> [ENTRIES SHOWN]
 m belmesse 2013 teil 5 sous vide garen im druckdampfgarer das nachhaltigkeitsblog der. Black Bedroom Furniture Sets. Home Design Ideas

...

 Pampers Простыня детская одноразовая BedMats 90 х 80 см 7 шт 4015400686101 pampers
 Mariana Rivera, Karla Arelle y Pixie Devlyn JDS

> [ACTIVITY]
What are the lines above, starting at the one with "Pampers Простыня детская" and ending at the one with "Mariana Rivera, Karla"? Give them again exactly, and only them.

> [ANSWER]
 Pampers Простыня детская одноразовая BedMats 90 х 80 см 7 шт 4015400686101 pampers
 Mariana Rivera, Karla Arelle y Pixie Devlyn JDS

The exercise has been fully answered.